** SUPPLIED INFORMATION **
________

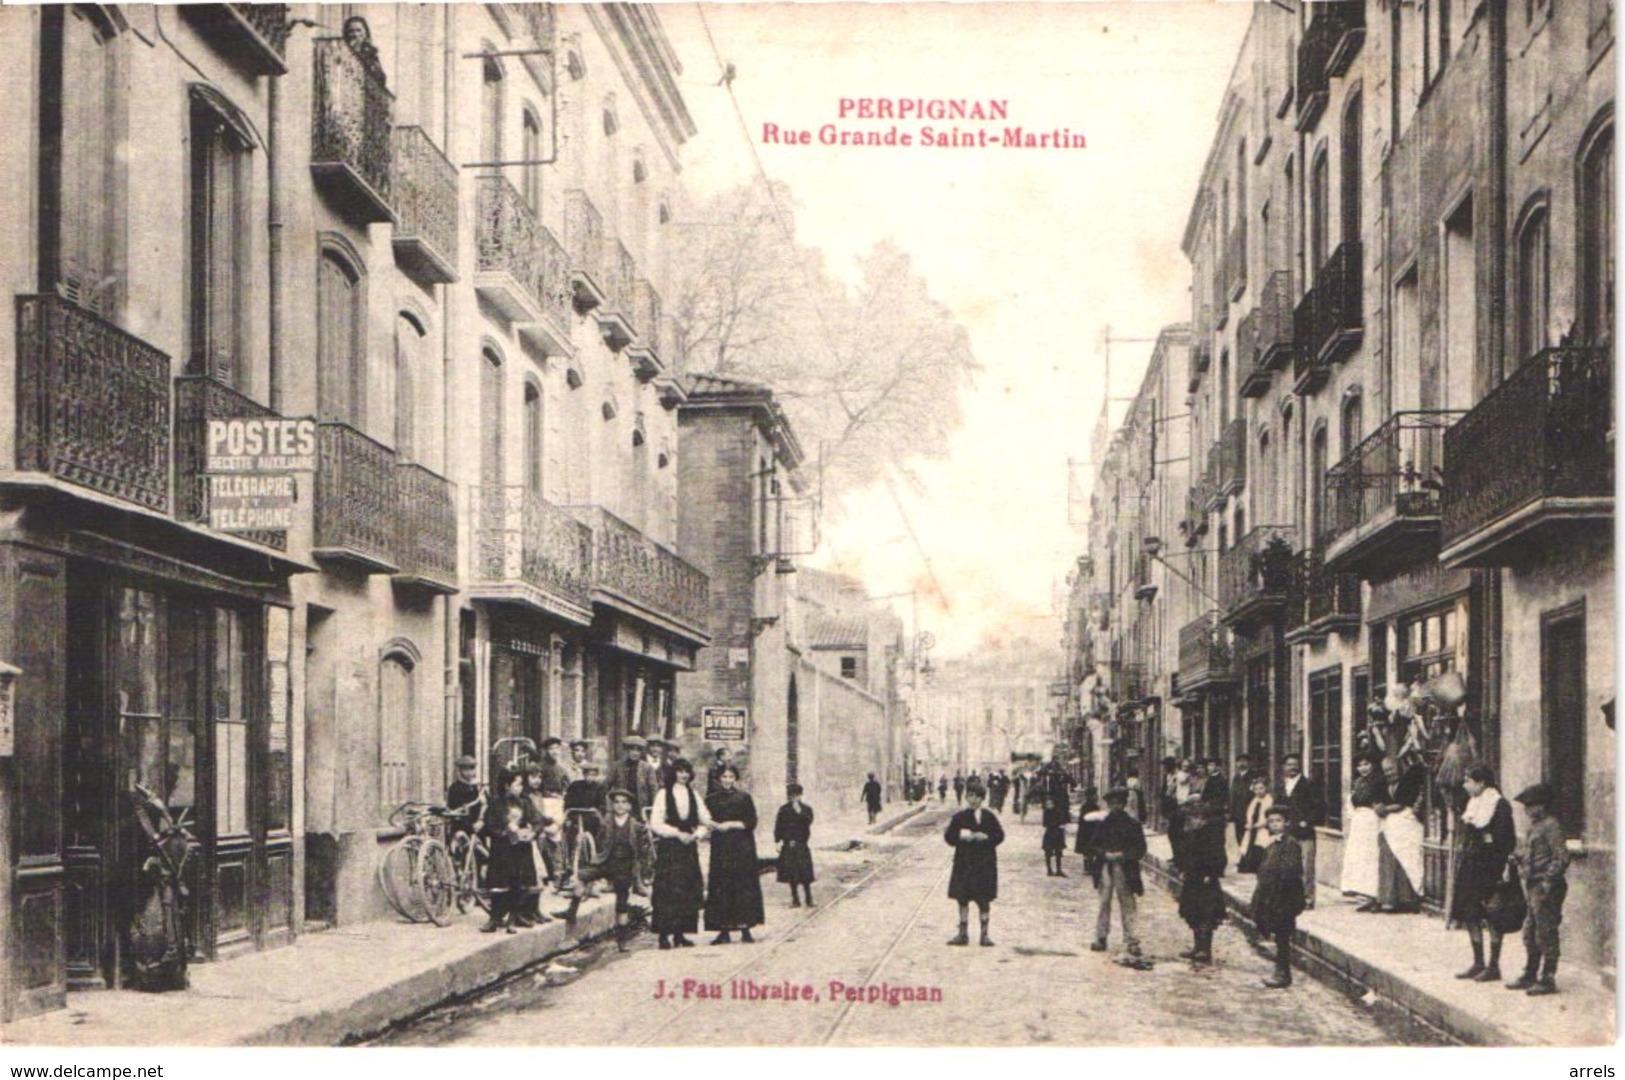 FR66 PERPIGNAN - Fau - Rue Grande Saint Martin - Postes - Pub BYRRH Devantures - Animée - Belle - Perpignan
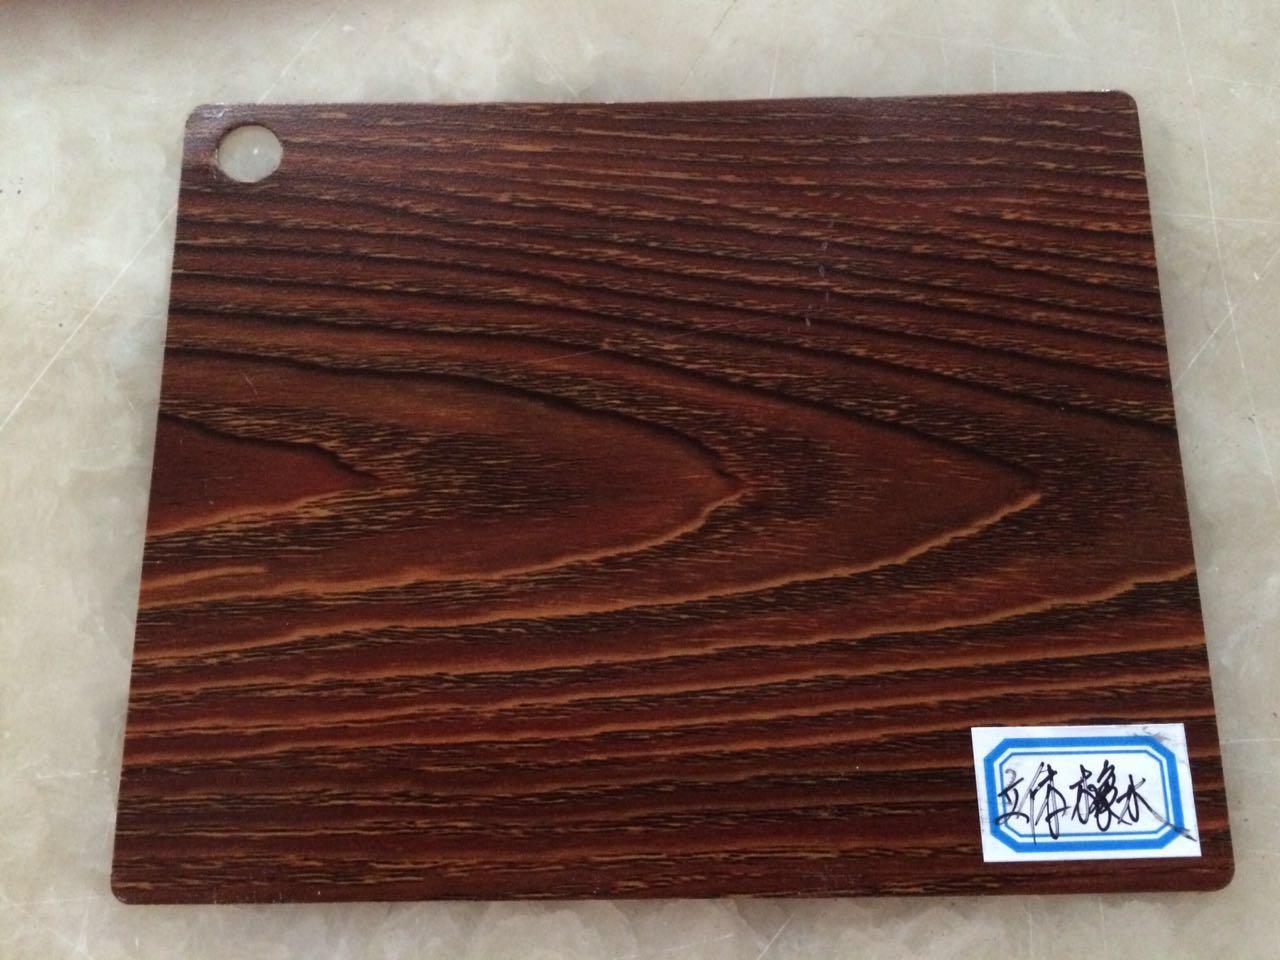 201/304不锈钢转印板:檀木,红酸枝,西柚木,红枫木 201/304不锈钢转印板,
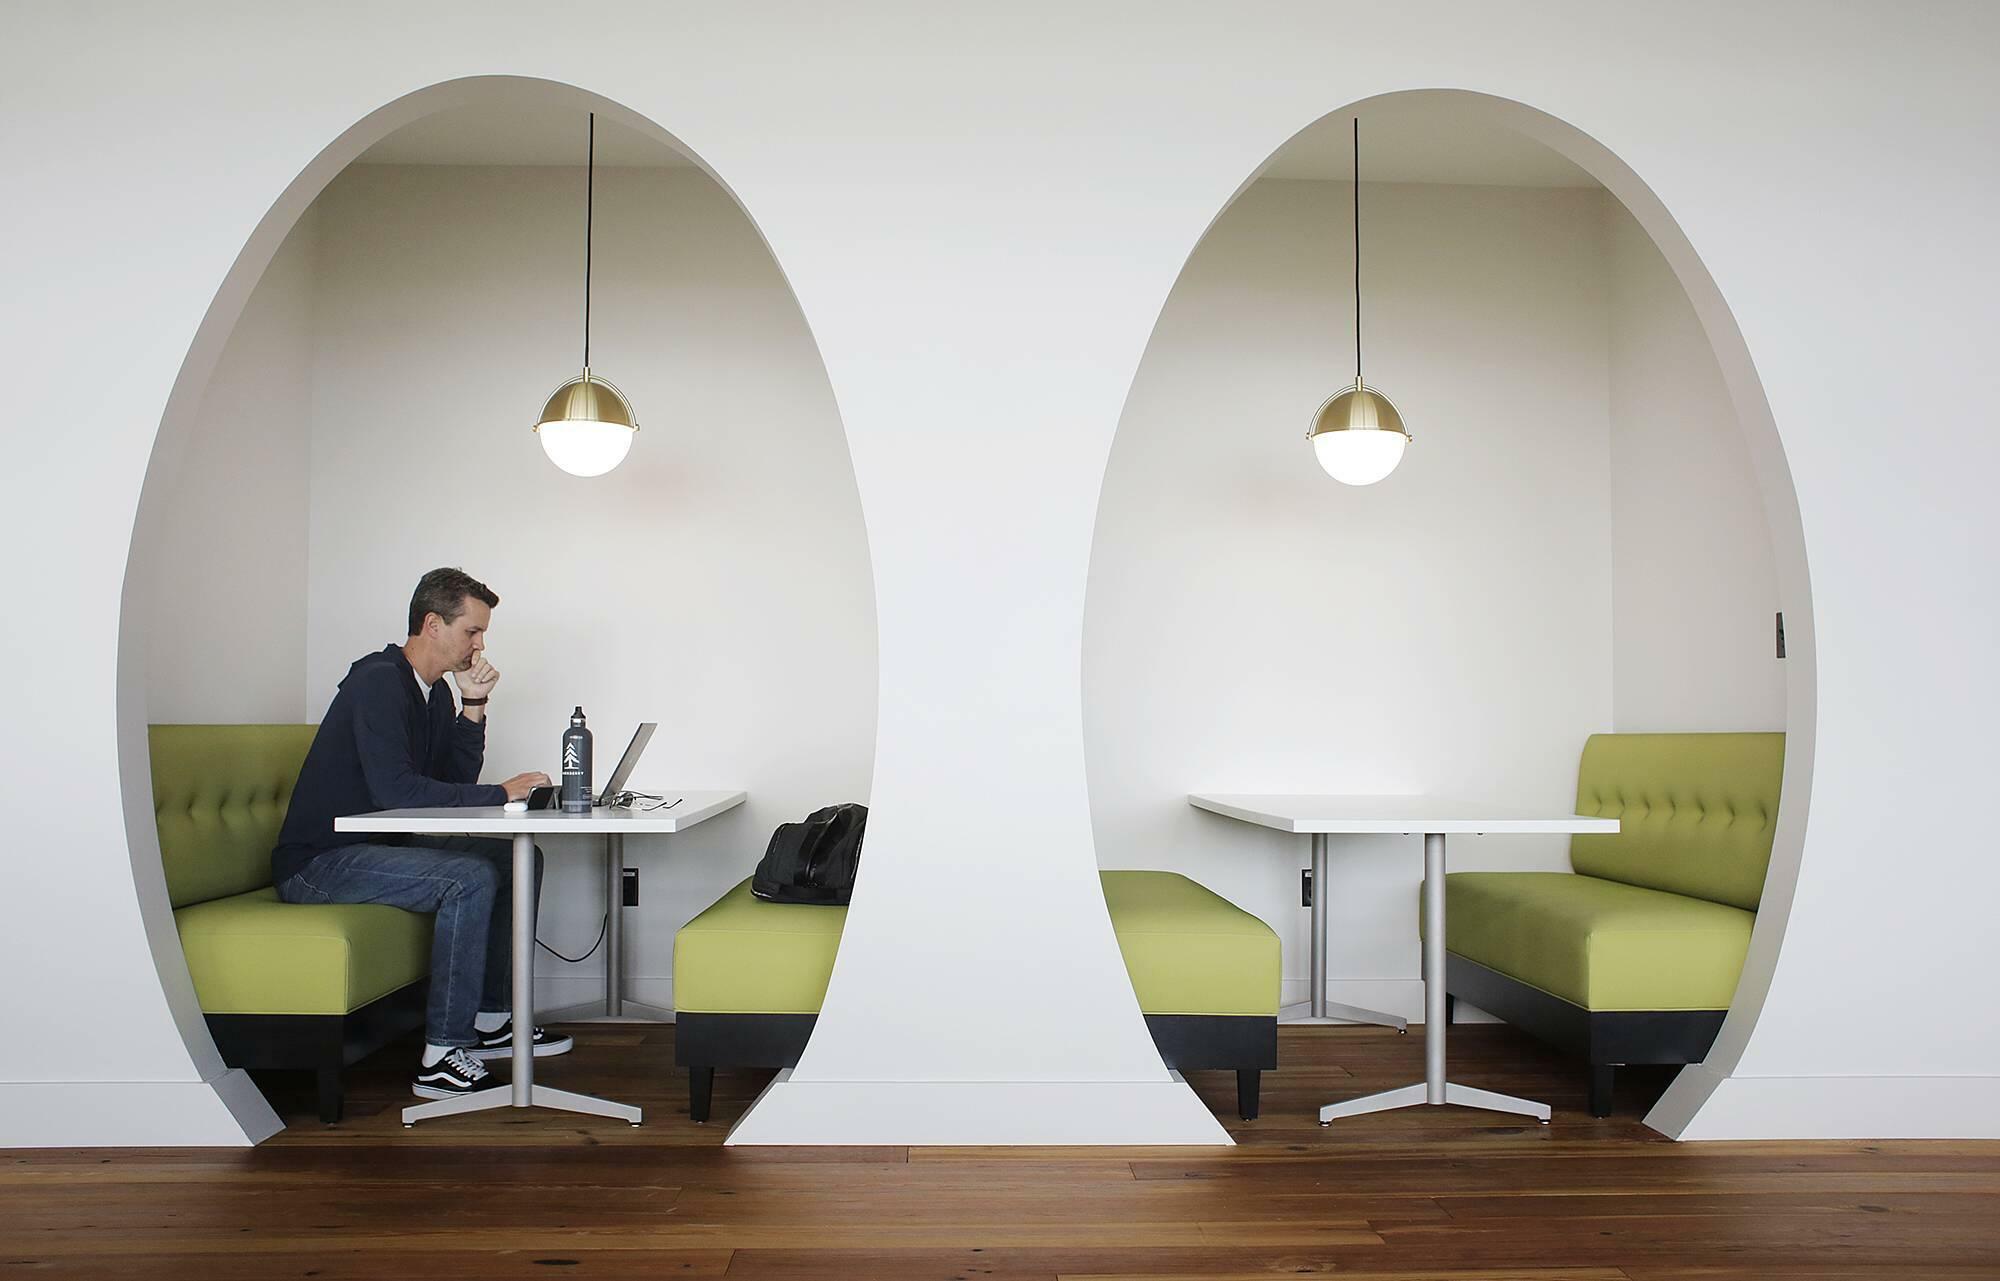 sch n gestaltung ihrer gedanken ideen benutzerdefinierte bilderrahmen ideen. Black Bedroom Furniture Sets. Home Design Ideas
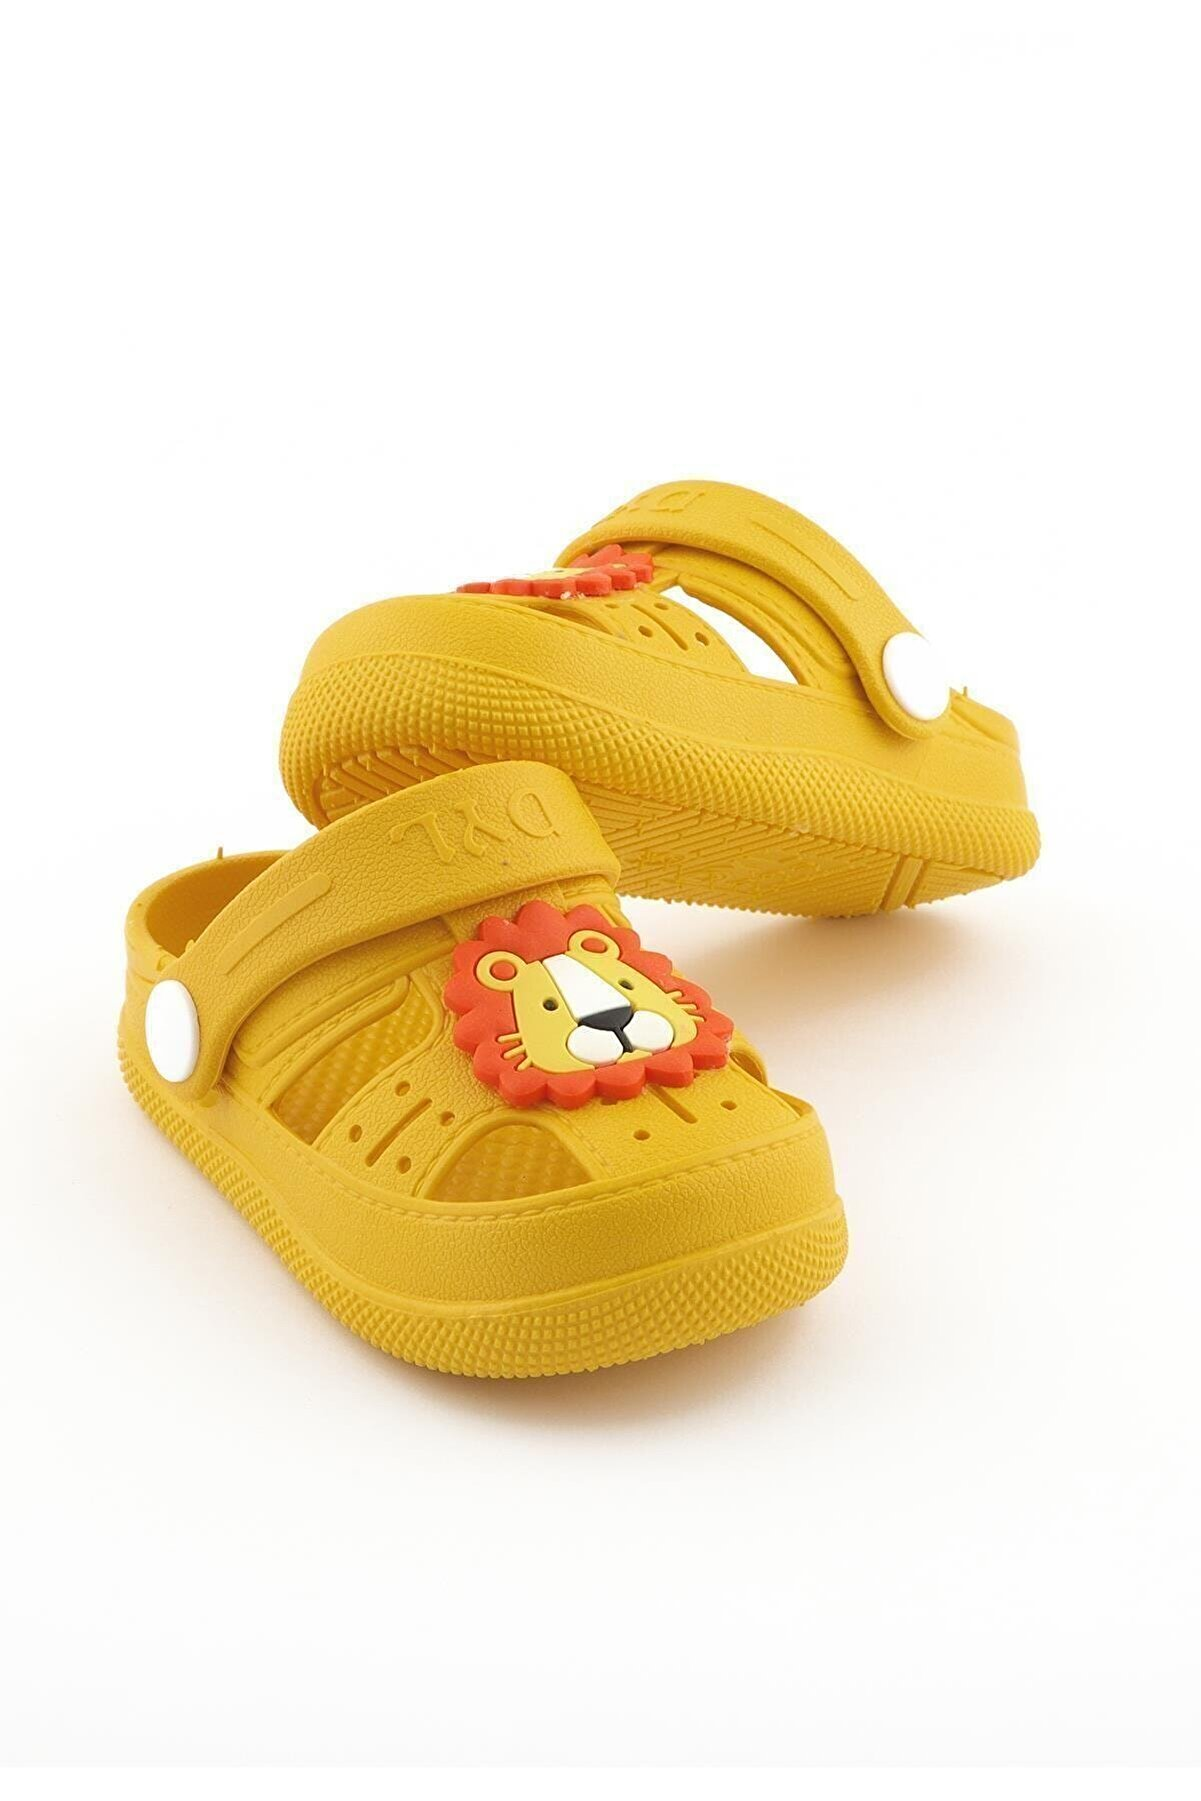 Daye Çocuk Günlük Ortopedik Kaymaz Taban Hayvan Figürlü Çocuk Sandalet Terlik - Sarı

________

** TASK DETAILS **
Since pictures are not part of the copy, set down only the remaining data exactly.

** WRITTEN ANSWER **
 FR66 PERPIGNAN - Fau - Rue Grande Saint Martin - Postes - Pub BYRRH Devantures - Animée - Belle - Perpignan
 201/304不锈钢转印板:檀木,红酸枝,西柚木,红枫木 201/304不锈钢转印板,
 sch n gestaltung ihrer gedanken ideen benutzerdefinierte bilderrahmen ideen. Black Bedroom Furniture Sets. Home Design Ideas
 Daye Çocuk Günlük Ortopedik Kaymaz Taban Hayvan Figürlü Çocuk Sandalet Terlik - Sarı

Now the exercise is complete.